# Connor Shaw injury?



## rex upshaw (Sep 17, 2012)

Saw somewhere where it was mentioned that his shoulder was fractured, any truth to that?


----------



## RipperIII (Sep 17, 2012)

Can you imagine what LSU is gonna do to that shoulder?


----------



## Catdaddy SC (Sep 17, 2012)

He's out for a while. Small fracture.


----------



## RipperIII (Sep 17, 2012)

That's too bad if it's true, would like to see them at full strength


----------



## Tim L (Sep 17, 2012)

Shaw's back up has looked pretty good and is probably alittle better passer; might not hurt them that much..


----------



## riprap (Sep 17, 2012)

Shouldn't hurt them, they have plenty of weapons.


----------



## RipperIII (Sep 17, 2012)

riprap said:


> Shouldn't hurt them, they have plenty of weapons.


i.e.,....."weapons all over the field"


----------



## grunt0331 (Sep 17, 2012)

I thing DJ Swearinger being suspended hurts as much if not more.


----------



## riprap (Sep 17, 2012)

RipperIII said:


> i.e.,....."weapons all over the field"



Looks like an armory on gameday.


----------



## paddlin samurai (Sep 17, 2012)

he should be good to go by November...


----------



## Browning Slayer (Sep 17, 2012)

paddlin samurai said:


> he should be good to go by November...




If that is the case you boys better kiss the East goodbye.. You guys have TOO many hard games ahead of you in the SEC to compete unless you ride Lattimore to no end.. I really don't want you to do that.

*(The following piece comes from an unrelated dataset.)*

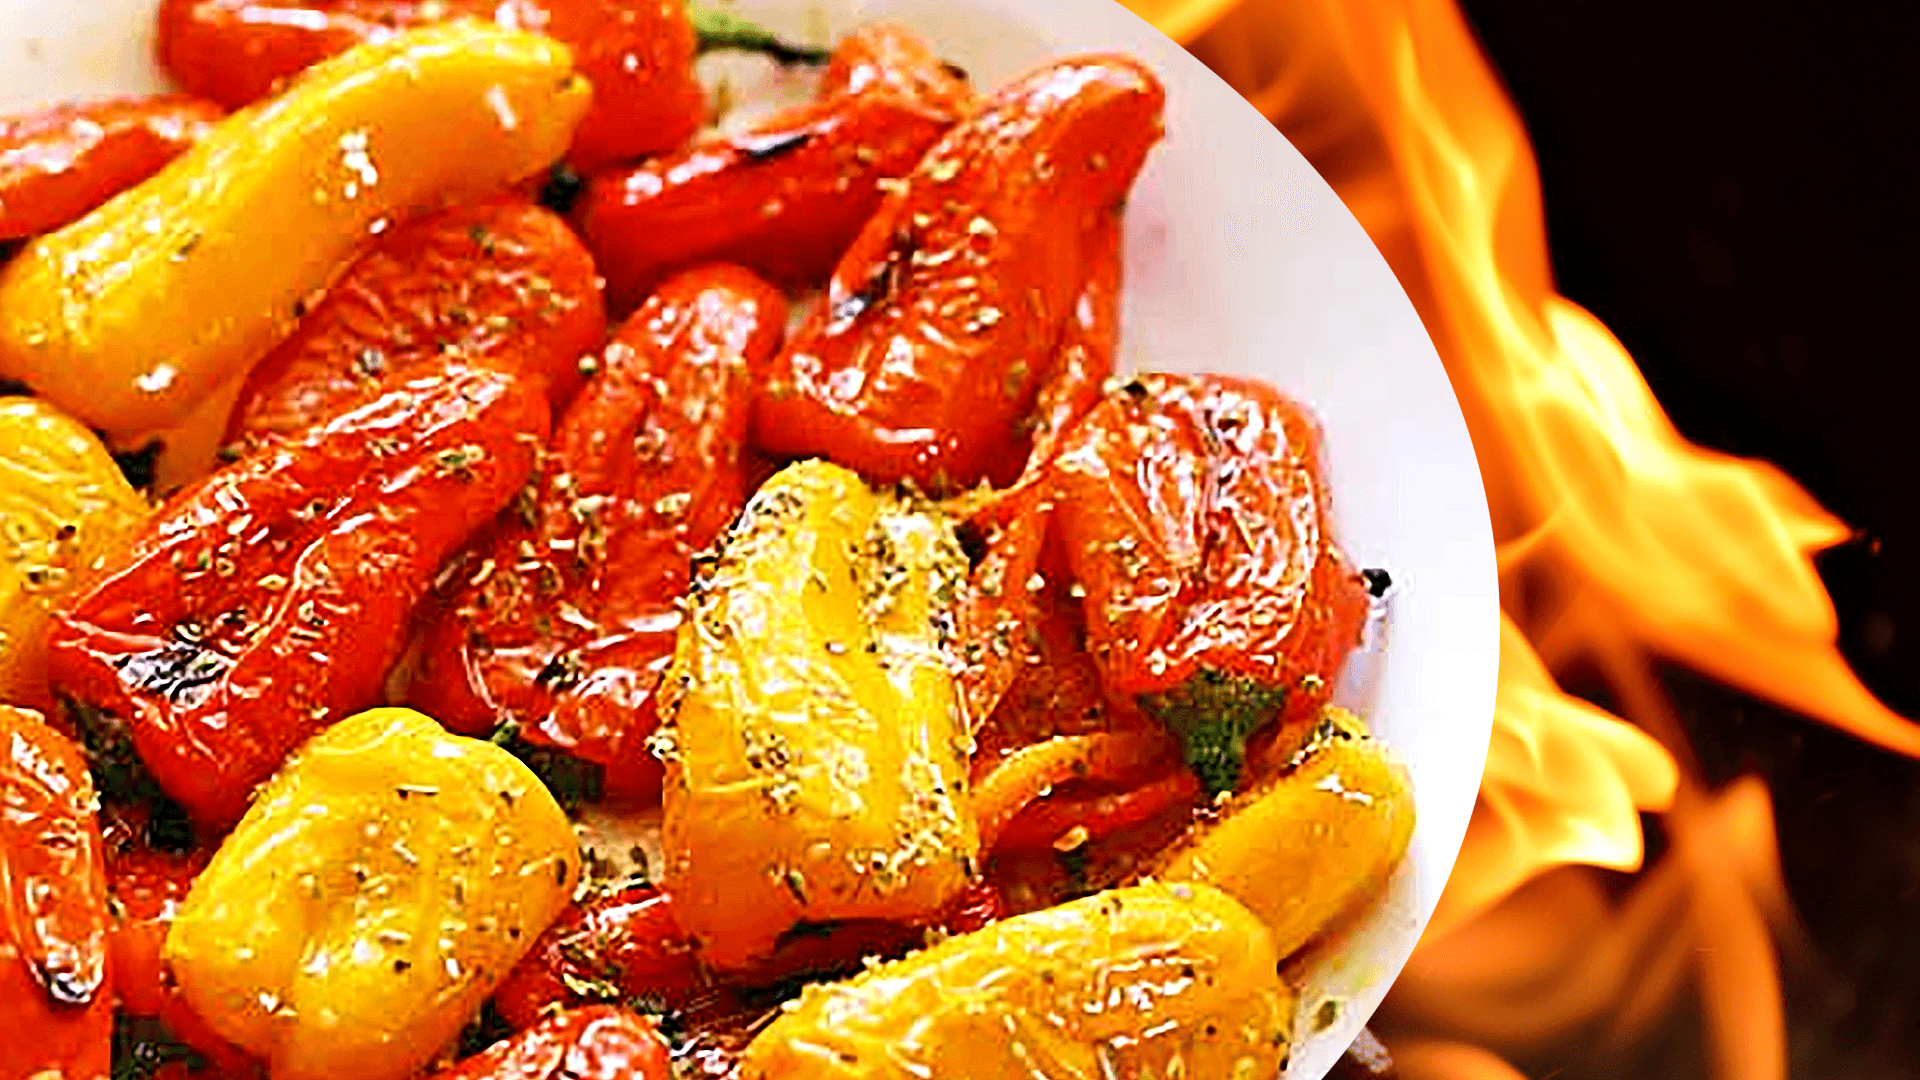 Roasted Pepper Salad with Vinegar - Easy Bell Pepper Salad Recipe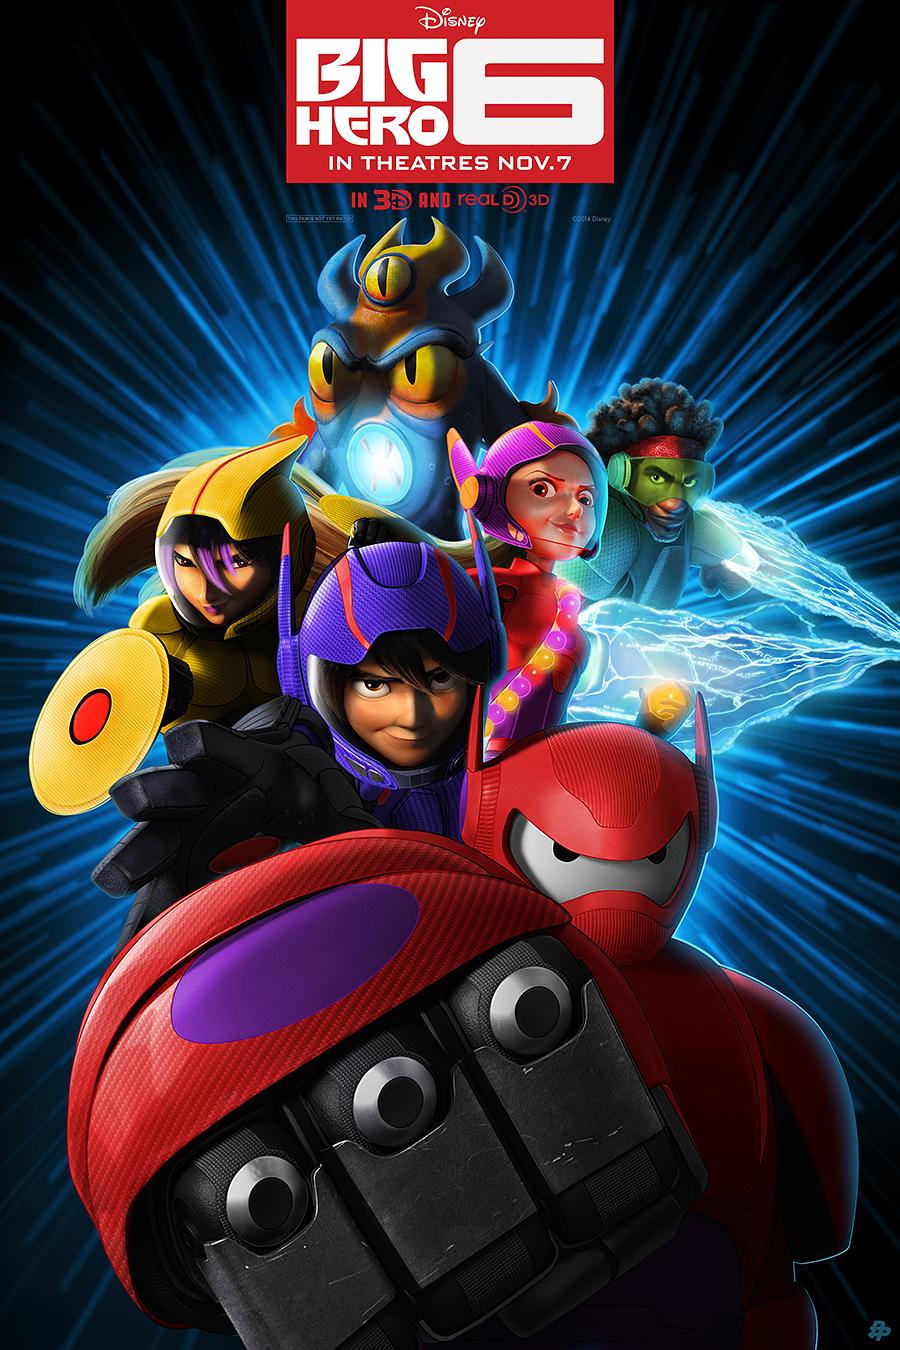 big hero 6 full movie for free hd

I want you guys to be full speed in a few weeks for us.. I DO hate you guys too, but nothing like I hate the Orange boys.. If Shaw isn't playing this week, it might be tough.. Although Franklin might not play either.. Shaw never should have took a snap Saturday.. This falls on the ol ball coach.. He asked Conner how he felt.. "I feel good".. "Are you ready to take a hit"? "I'm good"... He should have sat him and got him ready for Mizzou...


----------



## Danuwoa (Sep 18, 2012)

ginny is going to have a field day with this when we play them.


----------



## paddlin samurai (Sep 18, 2012)

Browning Slayer said:


> If that is the case you boys better kiss the East goodbye.. You guys have TOO many hard games ahead of you in the SEC to compete unless you ride Lattimore to no end.. I really don't want you to do that. I want you guys to be full speed in a few weeks for us.. I DO hate you guys too, but nothing like I hate the Orange boys.. If Shaw isn't playing this week, it might be tough.. Although Franklin might not play either.. Shaw never should have took a snap Saturday.. This falls on the ol ball coach.. He asked Conner how he felt.. "I feel good".. "Are you ready to take a hit"? "I'm good"... He should have sat him and got him ready for Mizzou...



Iam sure u dont Lattimore running over you...
AT half speed we still win and dont think deep down inside Spurrier is loving Dylan's performance which means he is gonna run up the score big time on jawja down at Willy B.


----------



## paddlin samurai (Sep 18, 2012)

When your starting QB who is one of your leaders says he is a go, you dont undercut him and bench him.  I hated to see him get hurt but in his teammates eyes he is bigger than life right now because of the courage he had to get out there.


----------



## Catdaddy SC (Sep 18, 2012)

Shaw is playing Saturday according to Spurrier.


----------



## Browning Slayer (Sep 18, 2012)

paddlin samurai said:


> Iam sure u dont Lattimore running over you...
> AT half speed we still win and dont think deep down inside Spurrier is loving Dylan's performance which means he is gonna run up the score big time on jawja down at Willy B.


 
So what you're syaing is you want in on the Avatar bet with Ginny since you are SO confident you can beat us at half speed... C'mon Samurai... Put your Avatar where your mouth is..


----------



## Browning Slayer (Sep 19, 2012)

Browning Slayer said:


> So what you're saying is you want in on the Avatar bet with Ginny since you are SO confident you can beat us at half speed... C'mon Samurai... Put your Avatar where your mouth is..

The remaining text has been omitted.